Kur’an’ın ve Hz. Peygamber’in öğretileri, iletişim aktörlerinden özellikle kaynağın tutum ve söylem biçiminin altını çizer. Eğitim seviyesi ya da birikimi ne olursa olsun, alıcının iletilen mesajı anlaması gerektiğini vurgular. Yine bu çerçevede, Hz. Muhammed sallallahu aleyhi ve sellemin konuşma üslubundaki belirgin özelliklere bakmak gerekir. O, sözü daha iyi anlaşılsın diye üç defa tekrarlardı. Konuşurken tane tane konuşur, tonlamasıyla ve akıcılığıyla hayran bırakırdı. Muhatabının konuyu anlaması için gerektiğinde tekrar ederdi. Anlayıp anlamadığını teyit etmek için bazen de soru sorardı. Uzun uzun konuşarak insanları sıkmazdı. Veciz ve öz olmaya gayret gösterirdi. Ses tonunun dozunu dikkatli bir şekilde ayarlar, muhatabının durumuna göre sesinin seviyesini belirlerdi.

Fakat bütün bunları yaparken, sözüne yalan katmazdı. Hileye başvurmaz, muhatabını incitmez ve küçümsemezdi. Allah’ın elçisinin aktarılan bu söz-söyleme biçimi, bize, karşımızdakiyle iletişim kurarken muhatabın anlama kabiliyetini sadece zihin ve idrak kapatır, ama bu anlama kabiliyetini kastetiyle ölçmememizi söyler. Aksine iletişim kurulan kişinin sosyal çevresini, psikolojik yapısını, konuşulan konuyla ilgili muhtemel duygularını, düşüncelerini, anlam dünyasını ve kültürel dinamiklerini de hesaba katmamız gerektiğini belirtir. Ayrıca iletişim esnasında yanlış anlamaya neden olabilecek, sözcük, mimik ve beden dilinden uzak durulması gerektiği, Hz. Peygamberin halifelerinden, Hz. Ömer’in, kim kendini töhmet altında kalacak bir konuma sokarsa, kendisine suizanda bulunanları kınamaya hakkı yoktur cümlesinden anlaşılabilmektedir. Hz. Ali de, nükteli ve hikmetli söz ve davranışlarla ruhlarınızı dinlendirin, zira bedenlerin yorulduğu gibi ruhlar da yorulur diyerek, sözün sıcak ve anlamlı olması gerektiğine vurgu yapar. Bireyler arası iletişimde en sık karşılaşılan sorunlardan birinin, kesin bilgiye dayanmayan yargının olduğu gerçeğidir.

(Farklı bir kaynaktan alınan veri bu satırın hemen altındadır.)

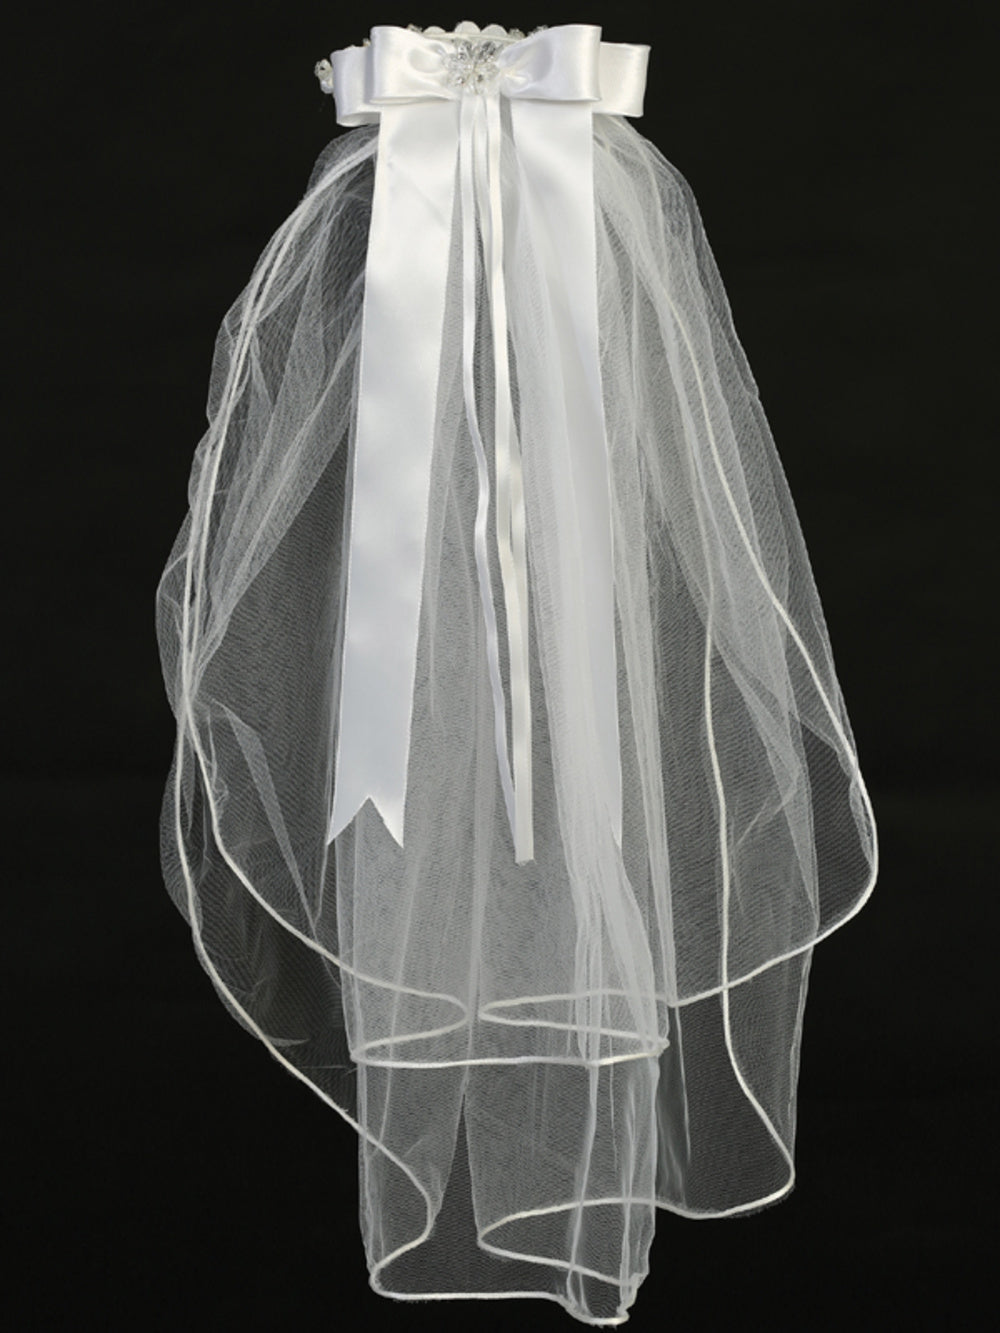 24" Communion Veil with Pearl Crown
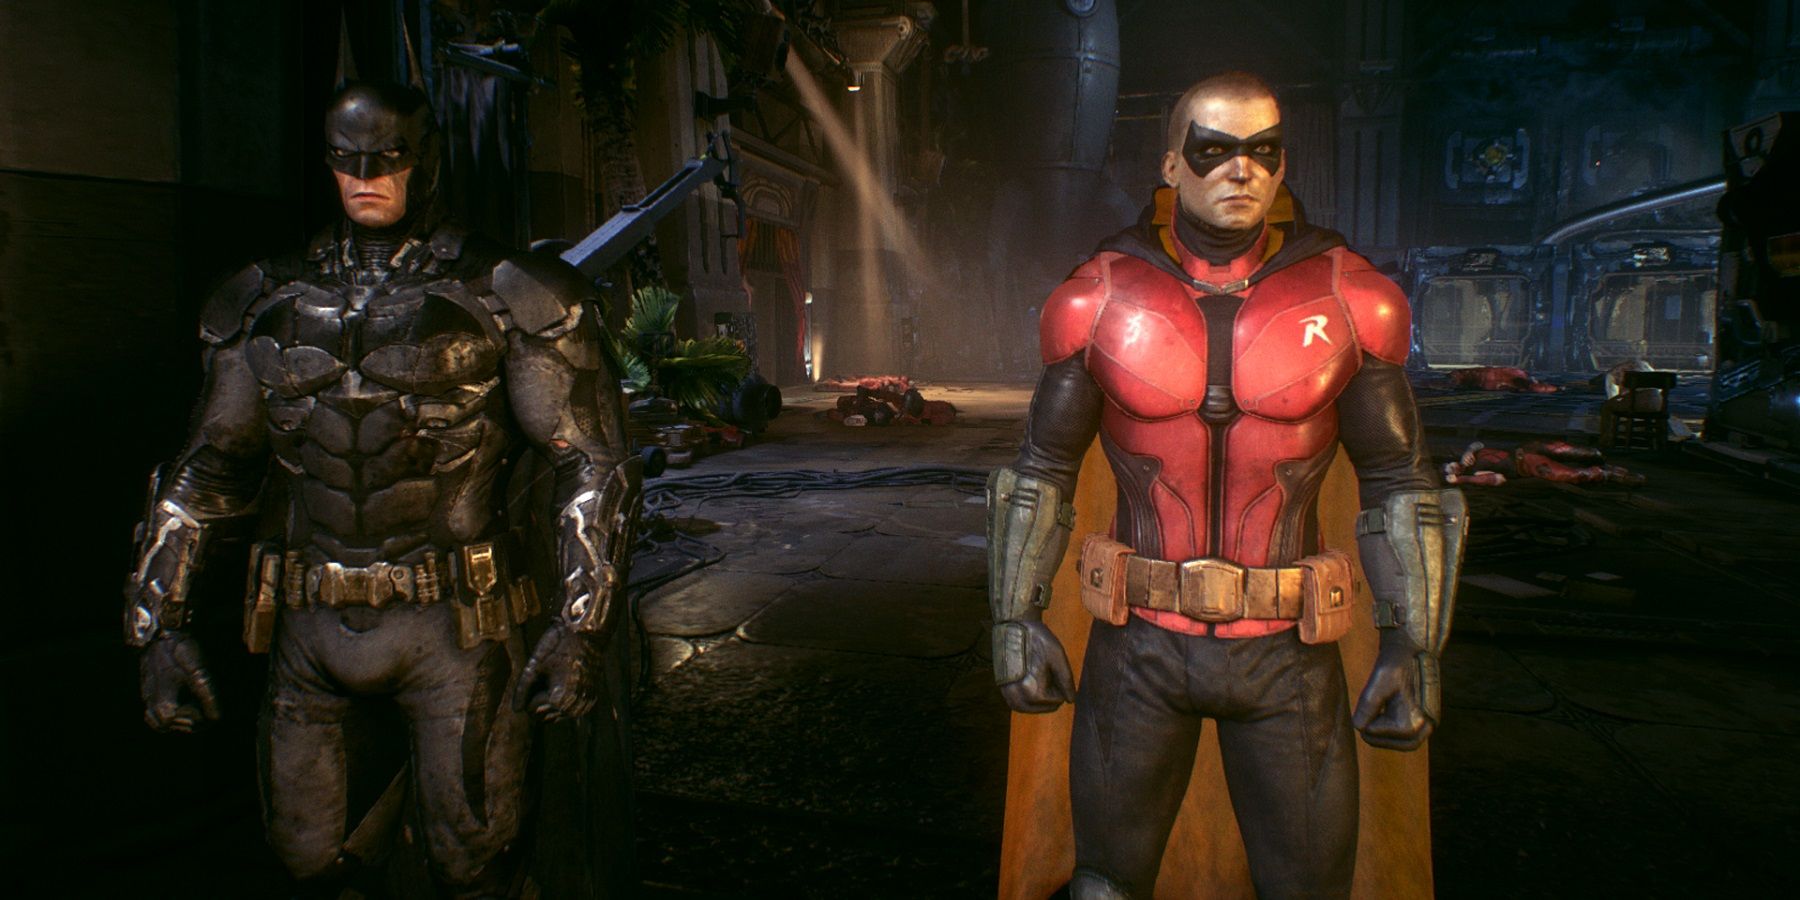 Batman and Robin from Batman: Arkham Knight standing ready for action.

Özellikle hassas ya da menfaat çakışması ihtimali olabilecek ilişkilerde, ön yargı daha sık görülmektedir. Öyle ki gruplar arasında veya iki kişi arasında gelecekte oluşabilecek muhtemel olumsuzluklara ait kaygılar, bireyi gerçekten yapması gerekenden uzaklaştırmakta ve zamanla, dini terminolojideki karşılığıyla oluşan bu vesvese, psikosomatik rahatsızlıklara neden olabilmektedir. Söz konusu ön yargıların altyapısında da, genelde kişinin kendi yapısından kaynaklanan alınganlık ve daimi olarak seyreden bir suizanna, yani yanlış anlamaya, yanlı düşünceye eğilimli olma halidir. Bunun genelde kişilik yapısıyla ilgili bir sorun olduğu düşünülse de, iletişimde bütün tarafların kendilerini yanlış anlamaya neden olacak tavır ve söylemlerden uzak tutması gerekliliği, sağlıklı bir iletişim için zaruridir. Öte yandan, muhatabı yanlış anlamaya sevk etmeme çabası, İslam’da olumsuzluğu, kötülüğü daha baştan engellemek manasına gelen sedd-i zeraî ilkesiyle de örtüşmektedir.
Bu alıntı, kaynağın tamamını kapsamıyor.